Micheal O’Siadhail is a poet. His latest collections of poetry are Our Double Time (Bloodaxe Books, 1998) and Poems 1975-1995 : Hail! Madam Jazz and A Fragile City. His poem cycles The Naked Flame, Summerfest, Crosslight and Earlsfort Suite were commissioned and set to music for performance and broadcasting. He has read and broadcast his poetry widely in Ireland, Britain, Europe and North America. Awarded an Irish American Cultural Institute prize for poetry in 1981 and the Marten Toonder Prize for Literature in 1998, he has been a lecturer at Trinity College Dublin and a Professor at the Dublin Institute for Advanced Studies. He was a member of the Arts Council of the Republic of Ireland (1988-93), of the Advisory Committee on Cultural Relations (1989 -97) and the board of The Dublin International Writers Festival. He is a former editor of Poetry Ireland Review. He is a member of Aosdana (Irish Academy of Distinguished Artists) and was the founding chairman of ILE (Ireland Literature Exchange).

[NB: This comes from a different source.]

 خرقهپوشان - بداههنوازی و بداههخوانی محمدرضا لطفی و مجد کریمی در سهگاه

“Artists seem to be more in touch with the feelings of outsiders in our world. And poet Micheal O’Siadhail, a long time friend of TRUST, certainly challenges us to think in his poem Outsider. Micheal was also Chairman of our Board of Adjudicators for our Essay Competition.”

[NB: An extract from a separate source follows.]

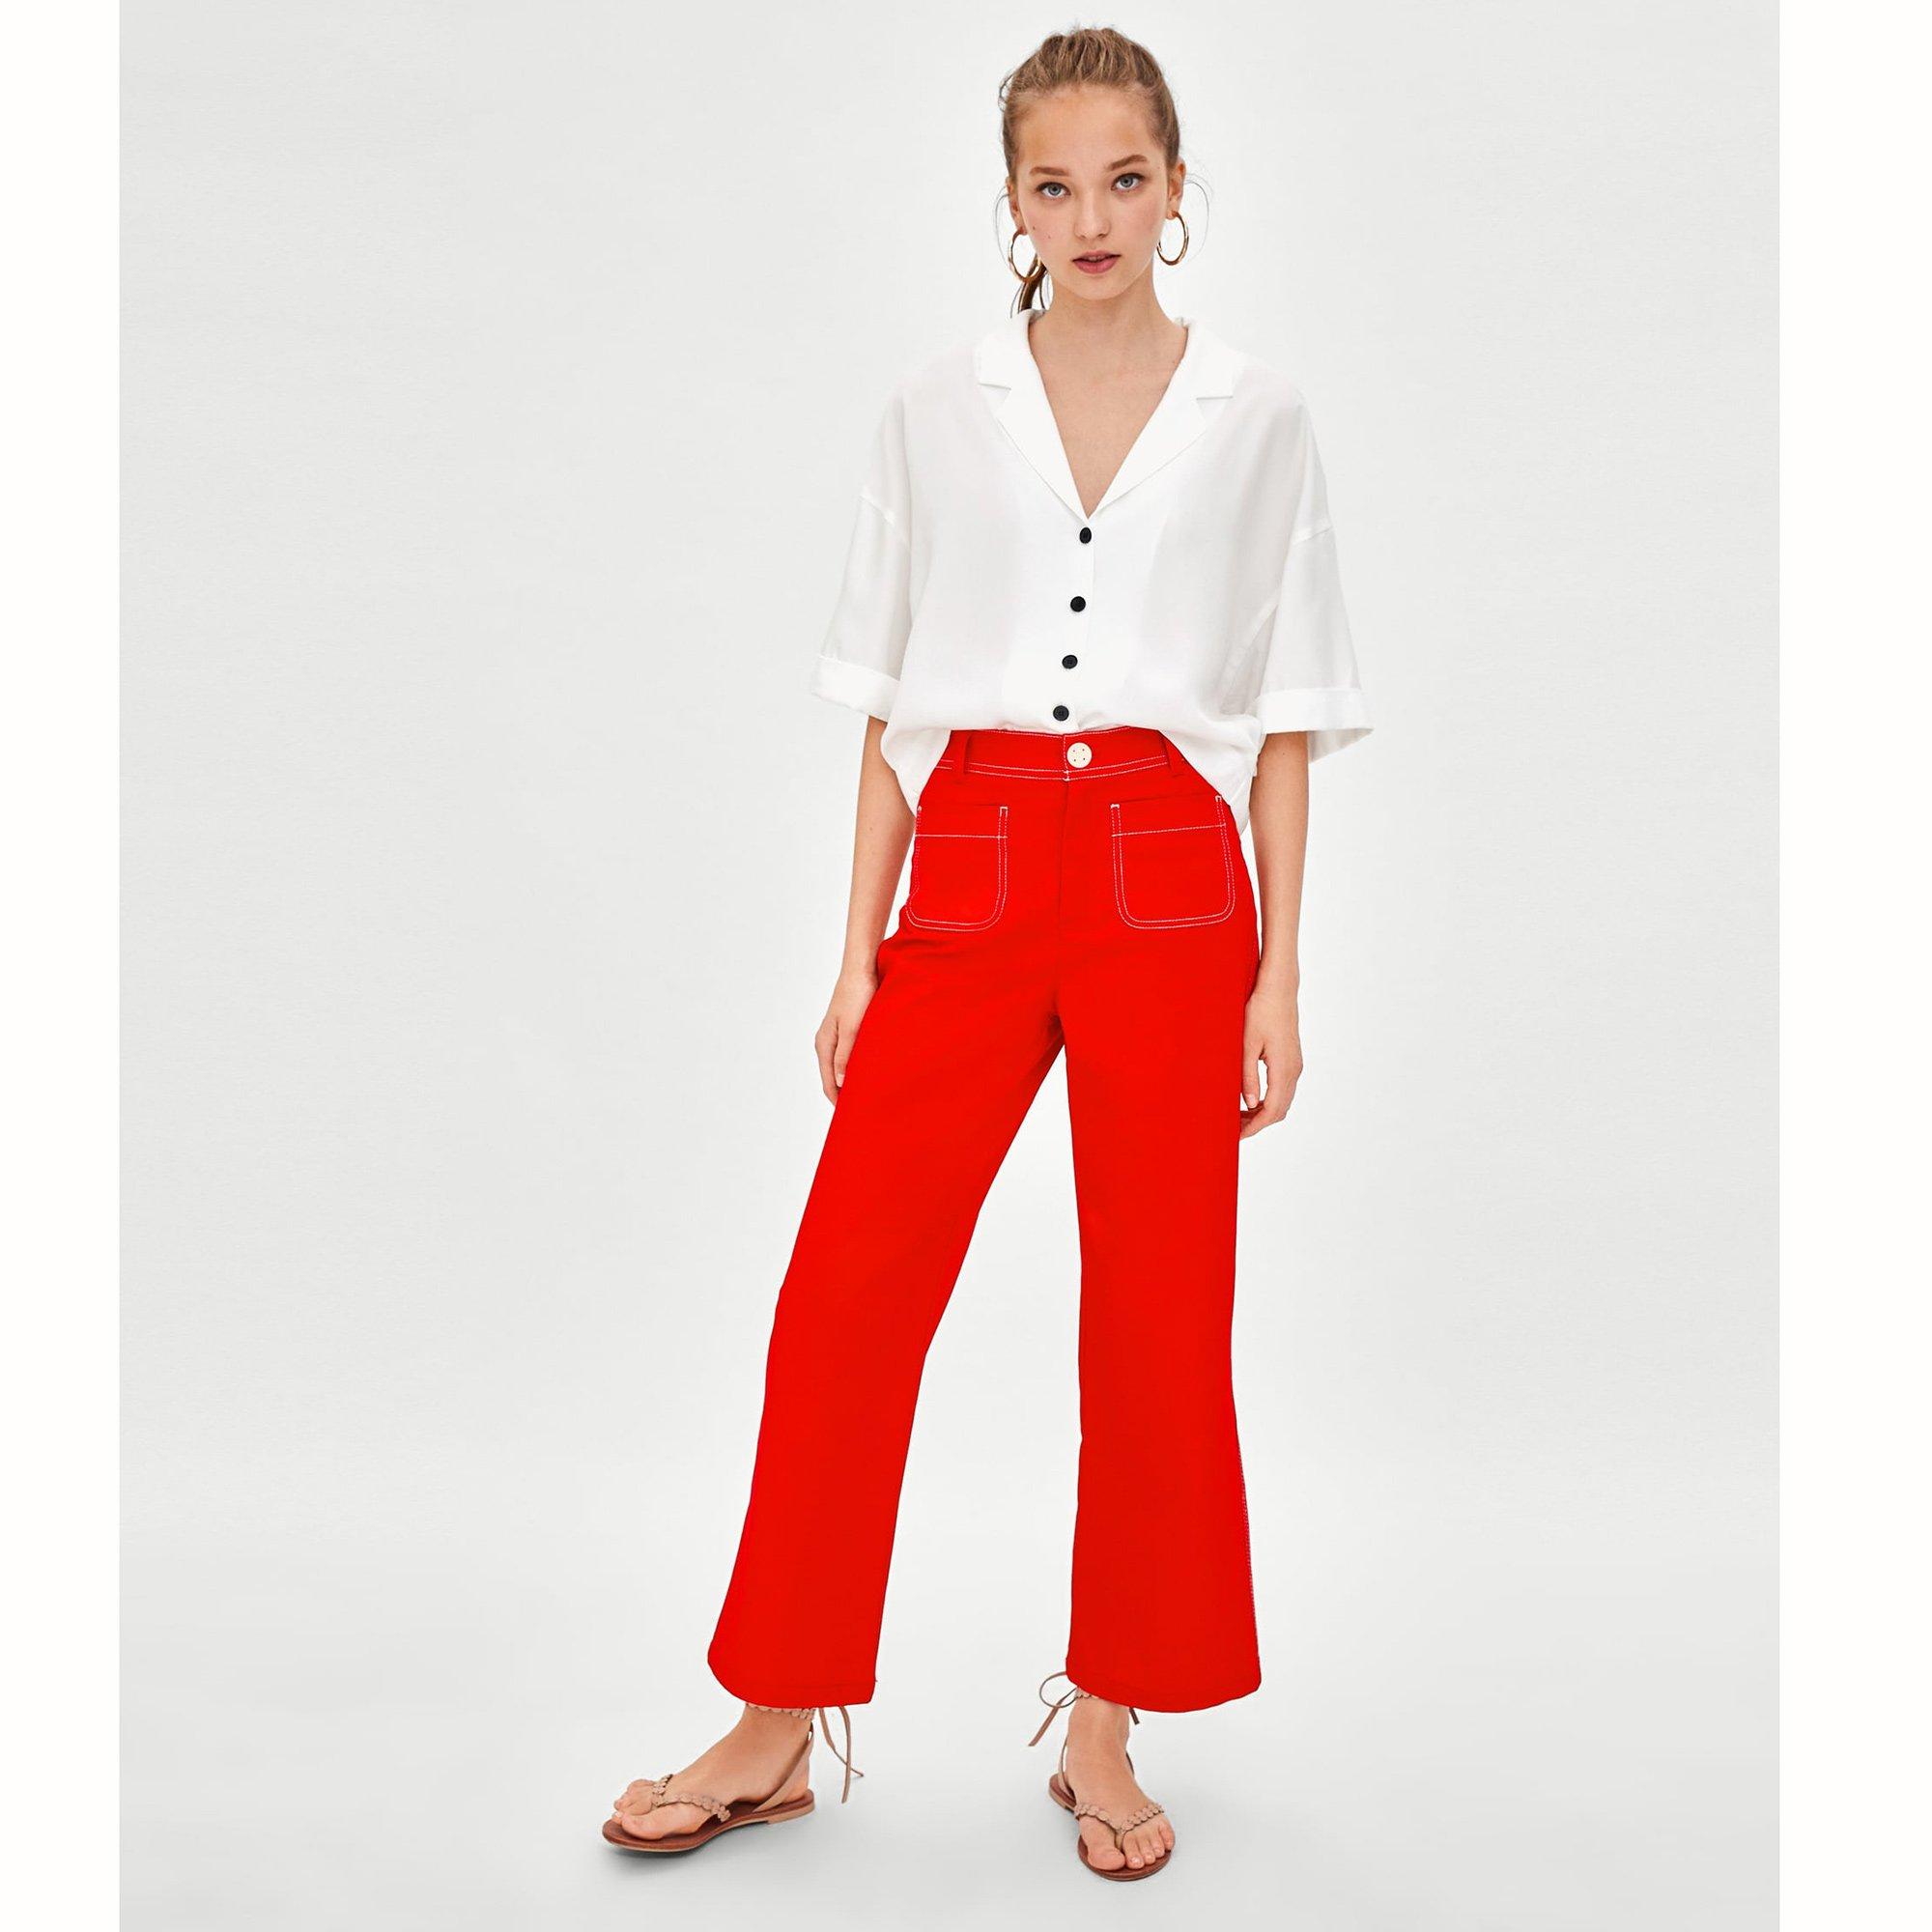 look-rentree-pantalon-talle-haute-couleur

Alice Leahy, Director & Co-Founder of TRUST

OUTSIDER, By Micheal O’Siadhail

A sheltered arch or where underground
kitchen of an inn sent
through grids of pavement grating
the warmth of the ass’s breath –
Where did last night’s Christ lie down?

Every morning for months I watched
a man I might have been
about my age and bearded too,
his face blotched crimson
with cheap wine and sleeping rough.

He walked the far side of the street
always hurrying somewhere;
a father who couldn’t praise, I wondered,
or what had blurred his star?
For months our eyes never met

though the street between us was narrow,
until that eve he crossed.
‘Some help,’ he said, but it must have been
my double’s eyes that asked
where would He lie down tomorrow?

An old outsider within me winced,
shook him off and fled;
that street between us was so narrow –
I chose the Inn and was afraid.
I’m sure I’ve never seen him since –

but tomorrow where carafes go round
a lone presence will pass
tremors through our frail togetherness;
again those eyes will ask
Where did last night’s Christ lie down?